We can certainly hope these jerks don't show up this time around, but we're also faced with the fact that the anti-globalization protesters lost momentum pretty quickly. Part of the problem was that they didn't have any suggestions that would result in the near-term improvement of any Americans' lives. Their demands were diffuse and impractical. It reminds me a bit of the exchange in The Life of Brian just before the memorable "what have the Romans ever done for us?" scene:

COMMANDO XERXES: What exactly are the demands?
REG: We're giving Pilate two days to dismantle the entire apparatus of the Roman Imperialist State, and if he doesn't agree immediately, we execute her.
In any human conflict, resolution in your favor requires that the other side be able to submit, which means victory is only possible if your goals are achievable. OWS needs such goals, and I think the country needs them as well. We've got problems, and there are solutions, but those solutions don't appeal to our current crop of politicians.

Here's a suggestion. We're in a balance-sheet recession. People are unable to get out from under enough debt to contemplate spending any money, and the lack of demand for what they are selling is why businesses aren't hiring. A couple kinds of debt have special status under American bankruptcy law. A bankruptcy court cannot write down the principle on mortgages or student loans. And since you can give back a house but not an education, student loans can't be discharged in any way other than paying them off except under extreme circumstances.

Let's give those types of loans the same status as any other secured debt.

An even more popular goal would be to return the tax rate for the top income earners to an earlier level. Perhaps not to Eisenhower rates (top rate 90 percent) or Kennedy rates (he lowered the top rate to 70 percent) but to some level commensurate with the ability the rich have to pay.
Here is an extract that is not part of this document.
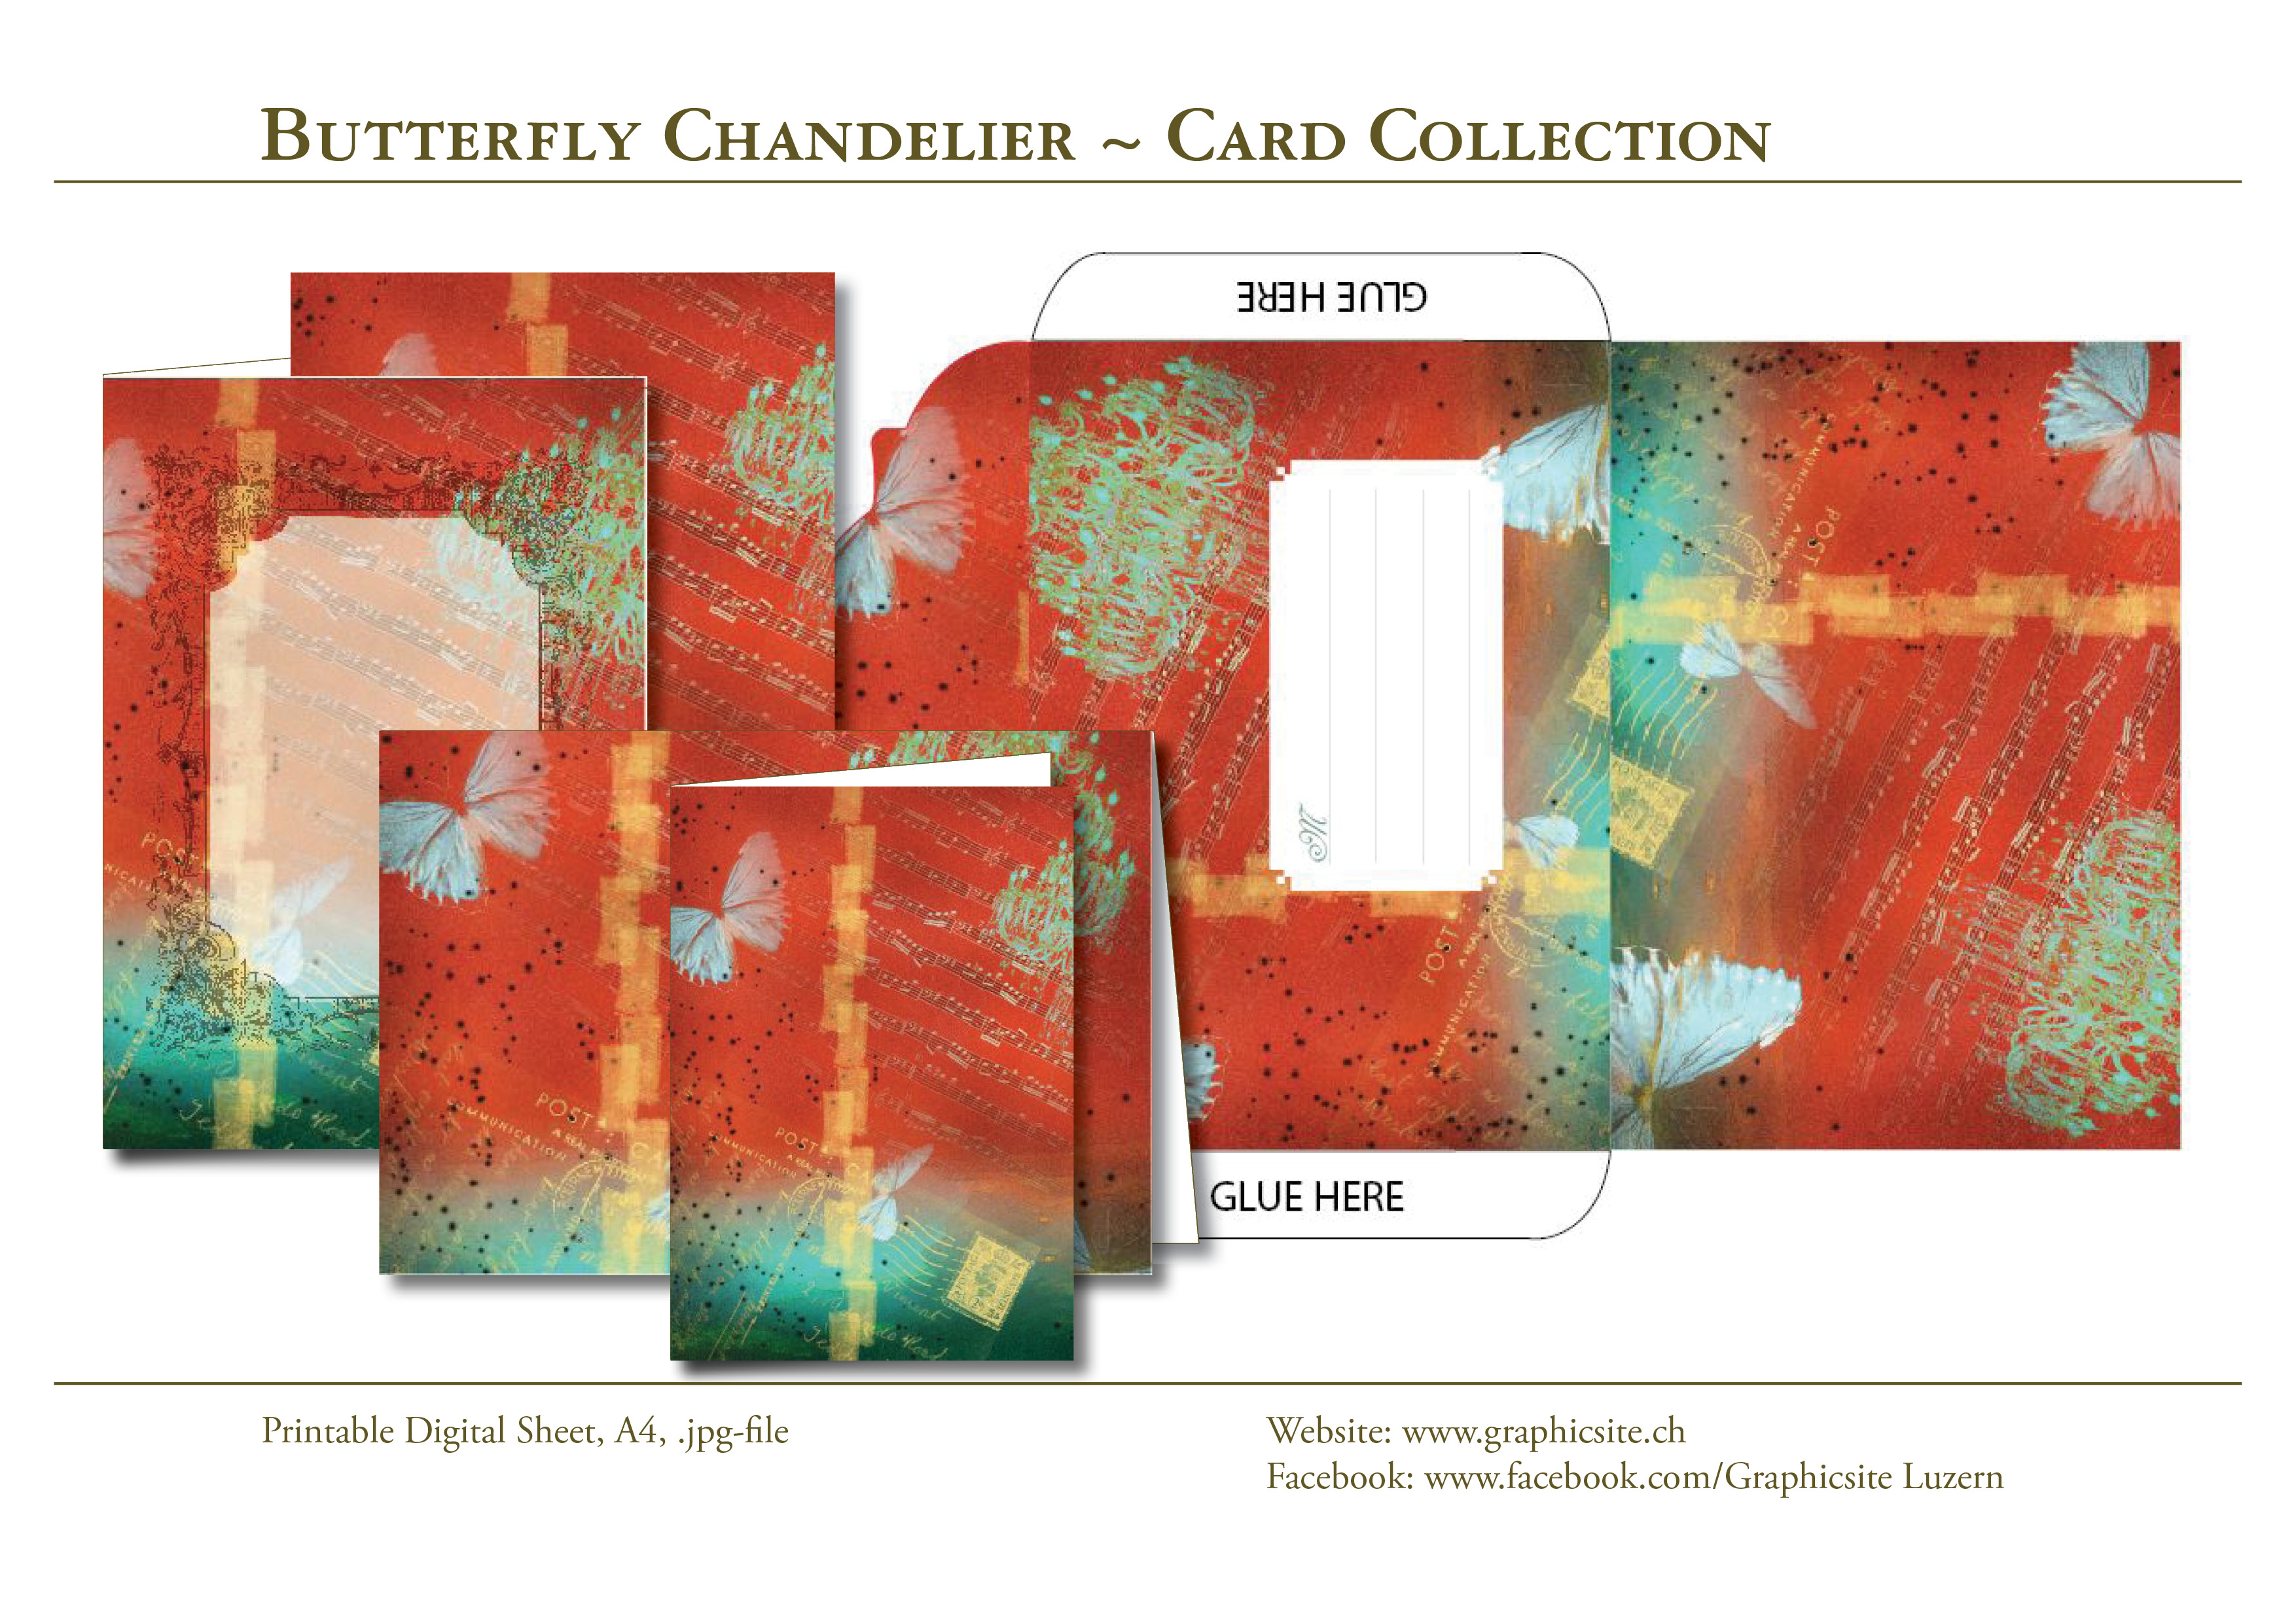 ButterflyChandelier - Kollektion - ArtJournaling - Grafiker Luzern, Schweiz

For example, Mitt Romney is paying about 14 percent of his income as taxes. Working stiffs pay about that much in payroll taxes (half is paid by the employer, but it's all payroll expense, so it all comes from what would be paid) before they even start paying income taxes. Romney, who pulls down around $15 million a year, can afford to pay a higher rate. In fact, if he were a basketball player making the same money as earned income instead of as capital gains, he'd be paying more like 30 percent under current law.
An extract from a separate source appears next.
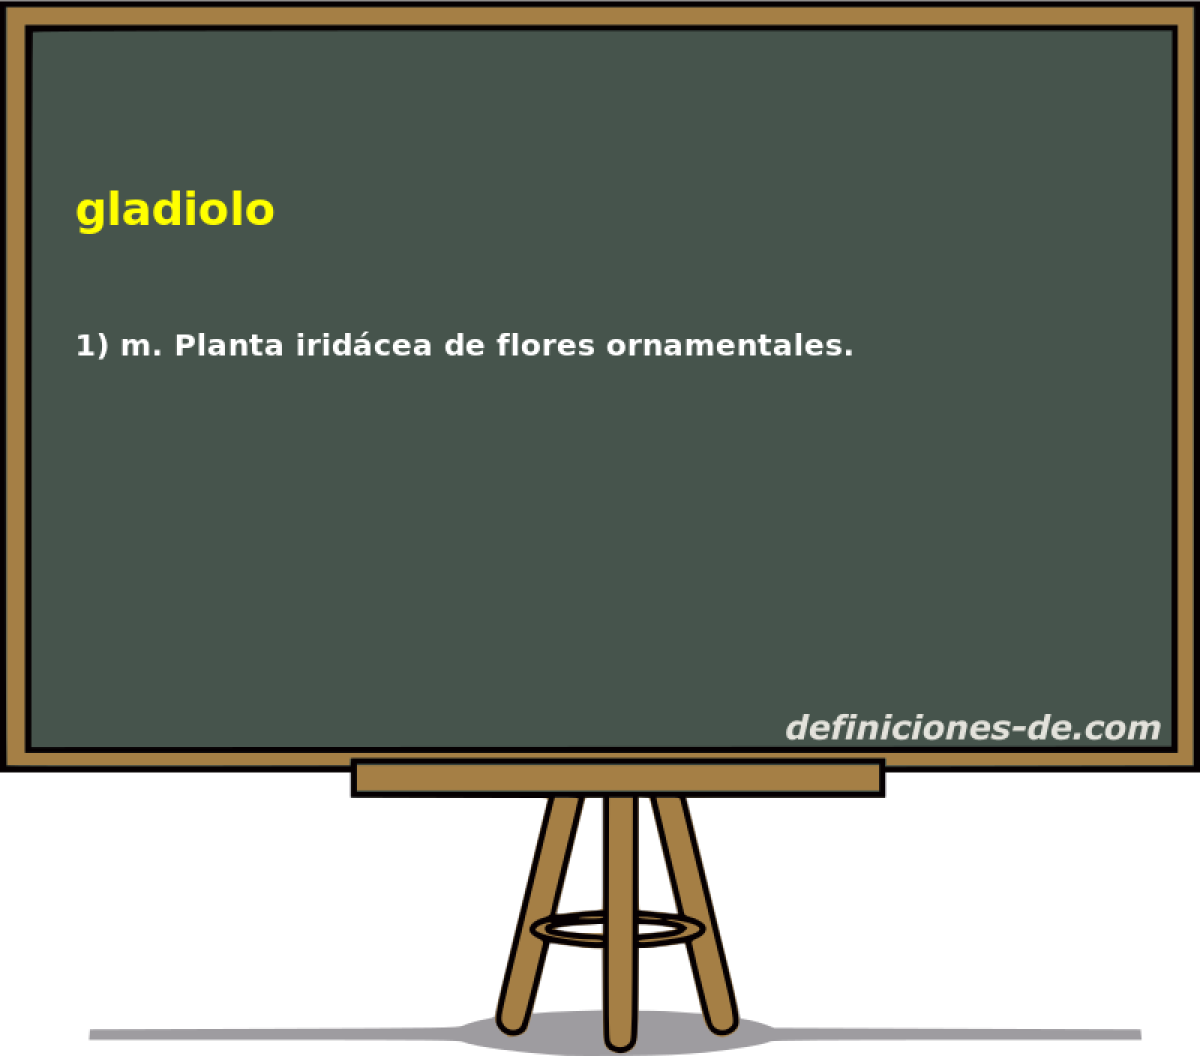 gladiolo 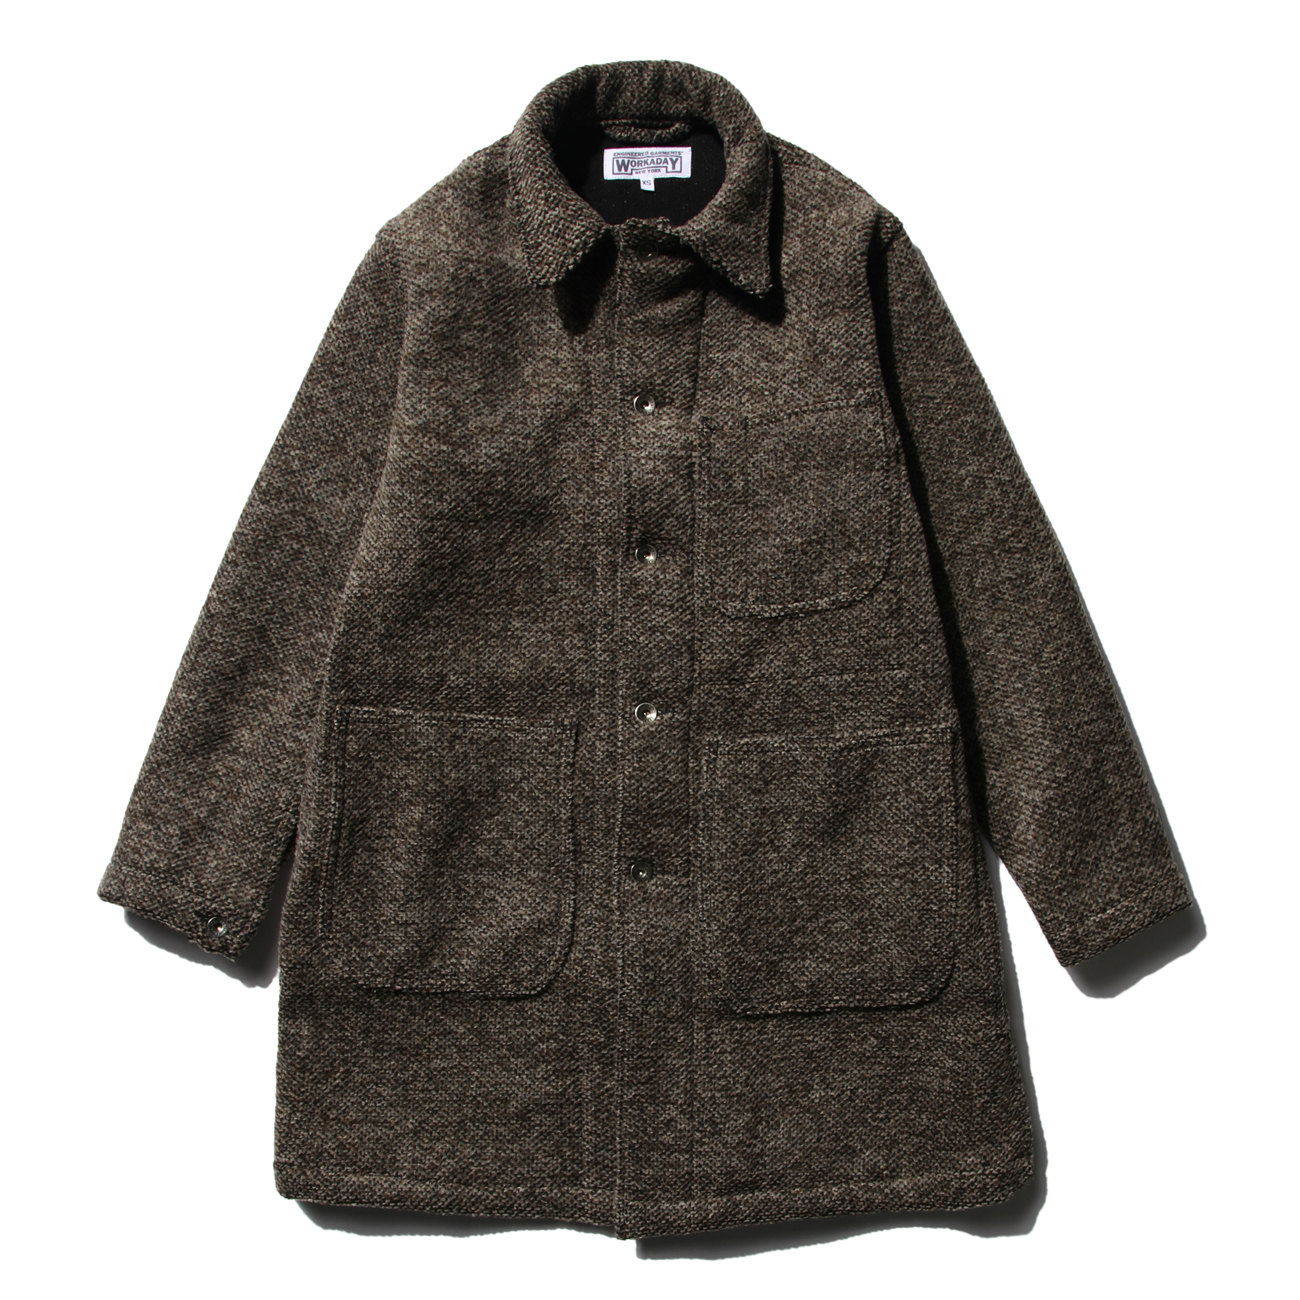 EG Workaday Shop Coat - Tri Blend Wool Tweed - Brown

Take a look at the chart from this article:


You don't have to be John Kenneth Galbraith to notice that periods of low taxes have been followed by long recessions that differ from most recessions in that they follow financial crises. Such balance-sheet recession are different in kind than most recessions, and may have something to do with the distributive effect of such policies.

The International Monetary Fund recently completed a study (full study here) that shows the effects of income inequity on economic growth, and found that societies with great inequity tend to have more financial crises.

Here's a chart from the study:





The greatest predictor of economic growth is income distribution, followed by trade openness.

 From the study:


...the increase in U.S. income inequality in recent decades is strikingly similar to the increase that occurred in the 1920s. In both cases there was a boom in the financial sector, poor people borrowed a lot, and a huge financial crisis ensued (see “Leveraging Inequality,” F&D, December 2010 and “Inequality = Indebted” in this issue of F&D). The recent global economic crisis, with its roots in U.S. financial markets, may have resulted, in part at least, from the increase in inequality. With inequality growing in the United States and other important economies, the relationship between inequality and growth takes on more significance.
The result has been good for no one, so why do we persist in policies that produce so much inequity?

Simple human nature. People don't feel rich unless they are richer than their neighbors. A rising tide may lift all boats, but some of us feel richer if the other guy's boat sinks. It's time to put a stop to that sort of thinking, and realize that we are all in this country together.